Magic W wrap up
Prove that you cannot form a Magic W with a total of 12 or less or with a with a total of 18 or more.
Problem
To make a Magic W you have to put the numbers 1, 2, ...,9, one in each circle, so that each row of three numbers has the same total. Experiment to find as many different magic totals as you can using the interactivity from the Magic W problem.
Prove that if you have a Magic W and you replace each of the numbers by 10 minus that number then the new W is also magic. What will its magic total be?

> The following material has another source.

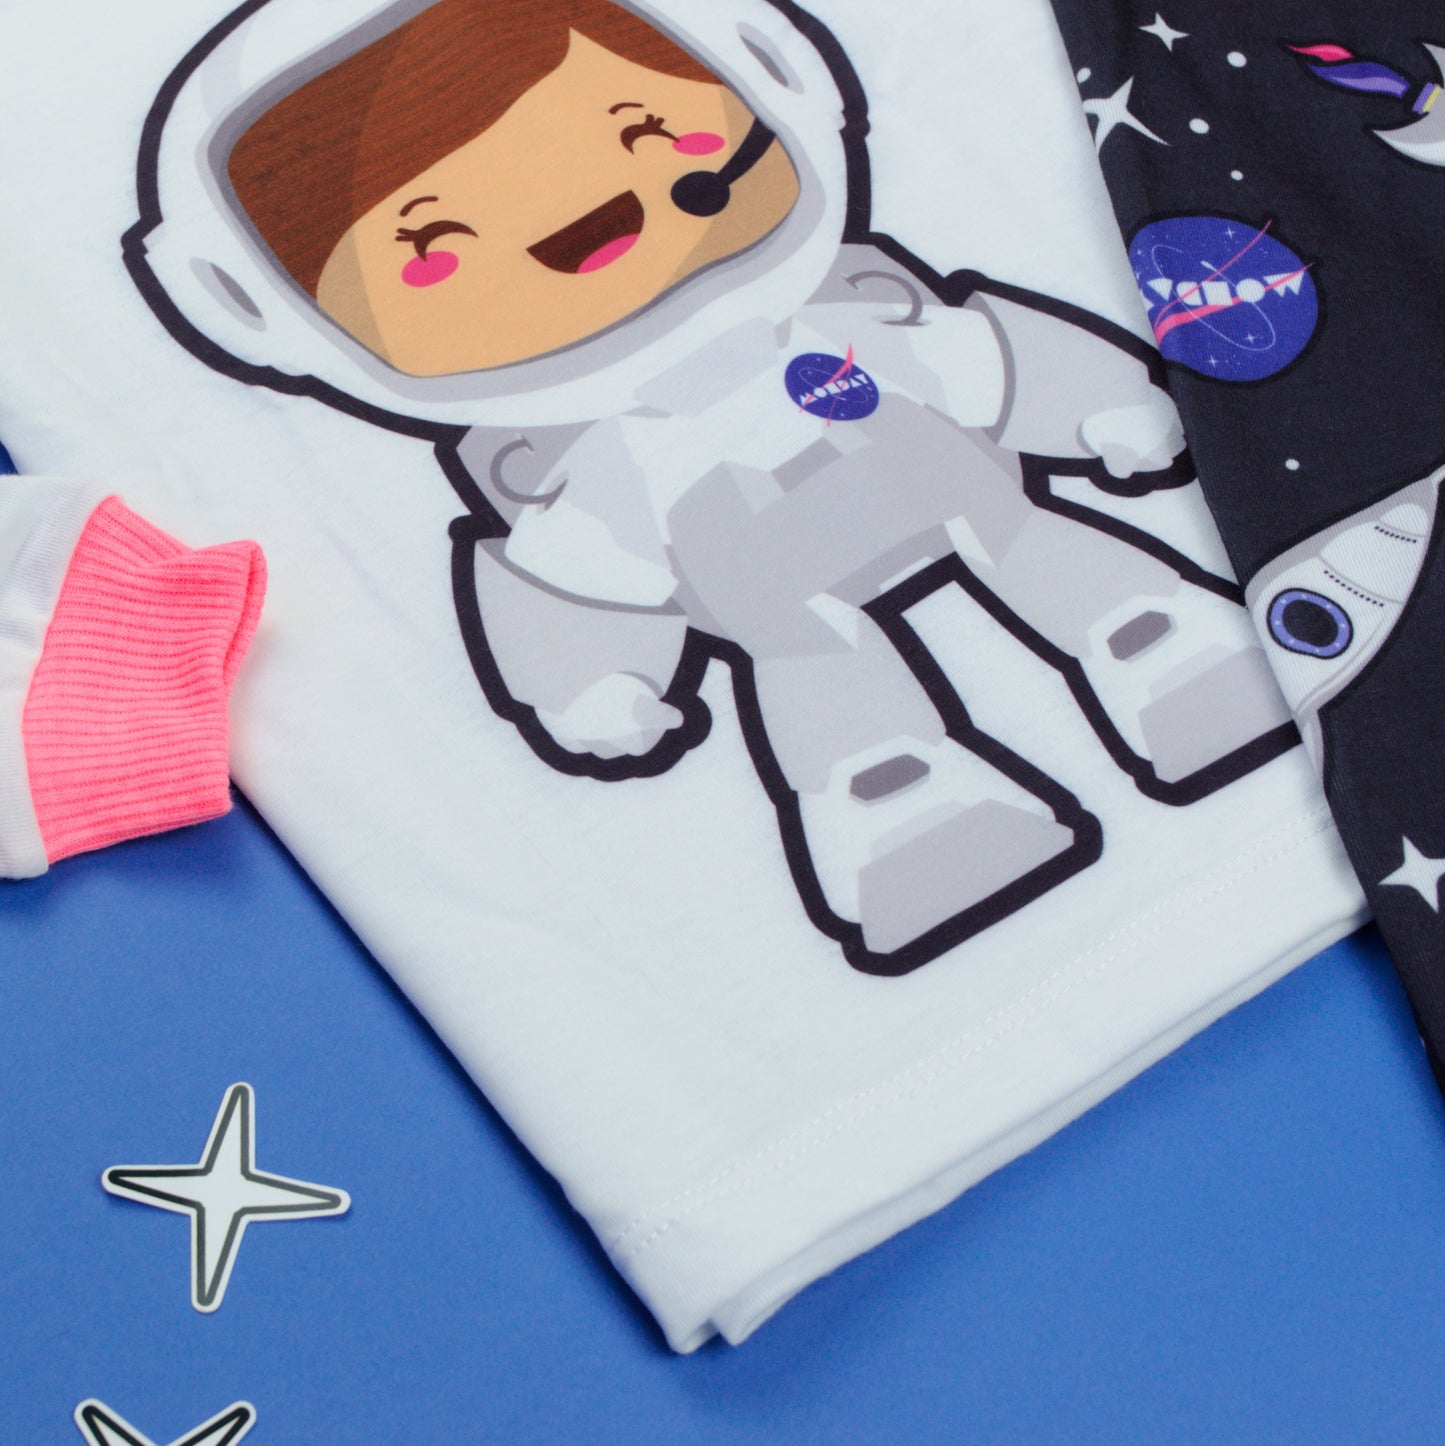 Pijama Astronauta Niña

Prove that you cannot form a Magic W with a total of 12 or less. Also prove that you cannot form a Magic W with a total of 18 or more.
Getting Started
See the solution to the Magic W problem from May 2003
Student Solutions
Judy sent us the following solution:
Suppose that we have a labelling with magic total $T$ that looks like this:
$A\quad\quad E\quad\quad I$
$\ B\quad D\quad F\quad H$
$\quad C\quad \quad G\quad $
Then we can replace each entry $x$ by $10-x$ and get another labelling (because if $x$ is one of 1, 2, \ldots, 9, then $10-x$ will also be). Also, this label will have magic total $30-T$, because instead of adding up $A+B+C$, for example, we'll add up $10-A+10-B+10-C=30-T$, and all of the sums will be the same. So if we have a labelling with magic total $T$, then we certainly have one with magic total $30-T$.
Using the solution to the Magic W problem, we know that there is 1 magic labelling for $T=13$, and there are 5 for $T=14$. So (using what we worked out above) there's also one for $T=17$ and 5 for $T=16$. (There can't be any more for $T=17$, for example, because any labelling of $T=17$ is also one of $T=13$.)

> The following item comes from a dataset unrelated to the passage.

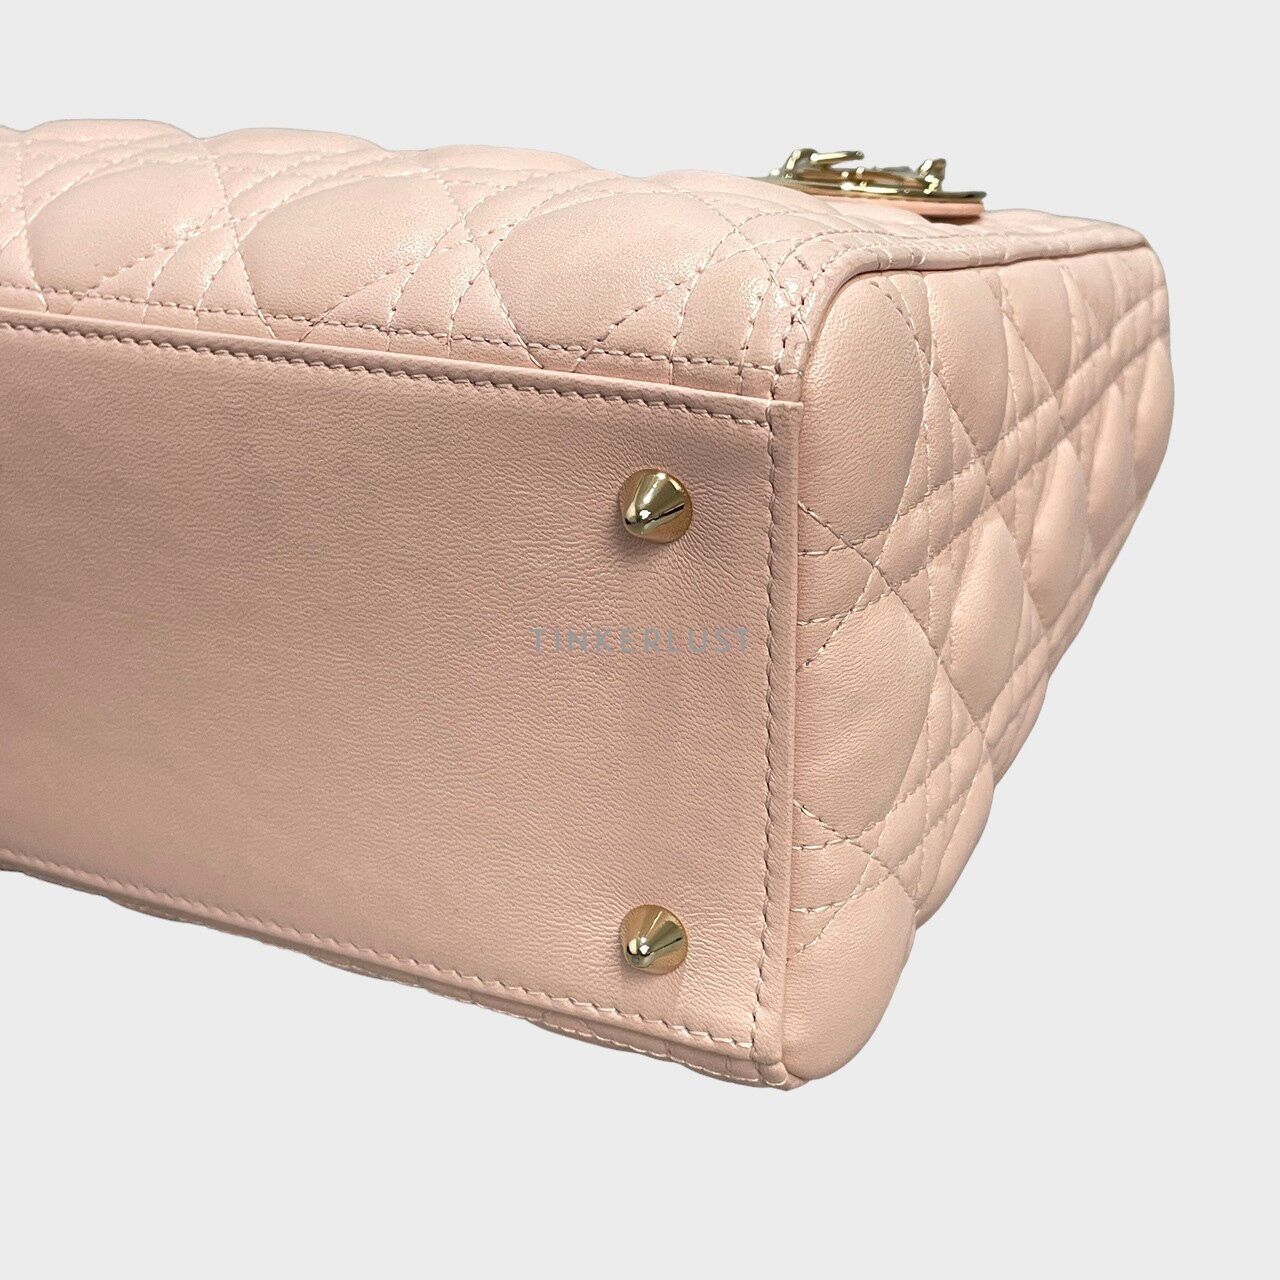 Christian Dior Lady Dior Medium Pink GHW Satchel Bag

When do magic labellings exist? Well, again using the ideas from the solution to the Magic W problem, we must have $C+E+G+45=4T$. But $C+E+G\geq 6$, so $4T\geq 45+6=51$, so $T\geq 13$. Also, $C+E+G\leq 24$, so $4T\leq 45+24=69$ so $T\leq 17$. So we only need to check whether there are any magic labellings for $T=15$. Suppose that there is one. Then we have $C+D+E=15$, and also $C+E+G=4\times 15-45=15$, so $D=G$. But that's not allowed, so there are no labellings of $T=15$.
To summarise, there are magic labellings for $T=13, 14, 16$ and $17$ (and no others), and there are $1+5+5+1=12$ magic labellings.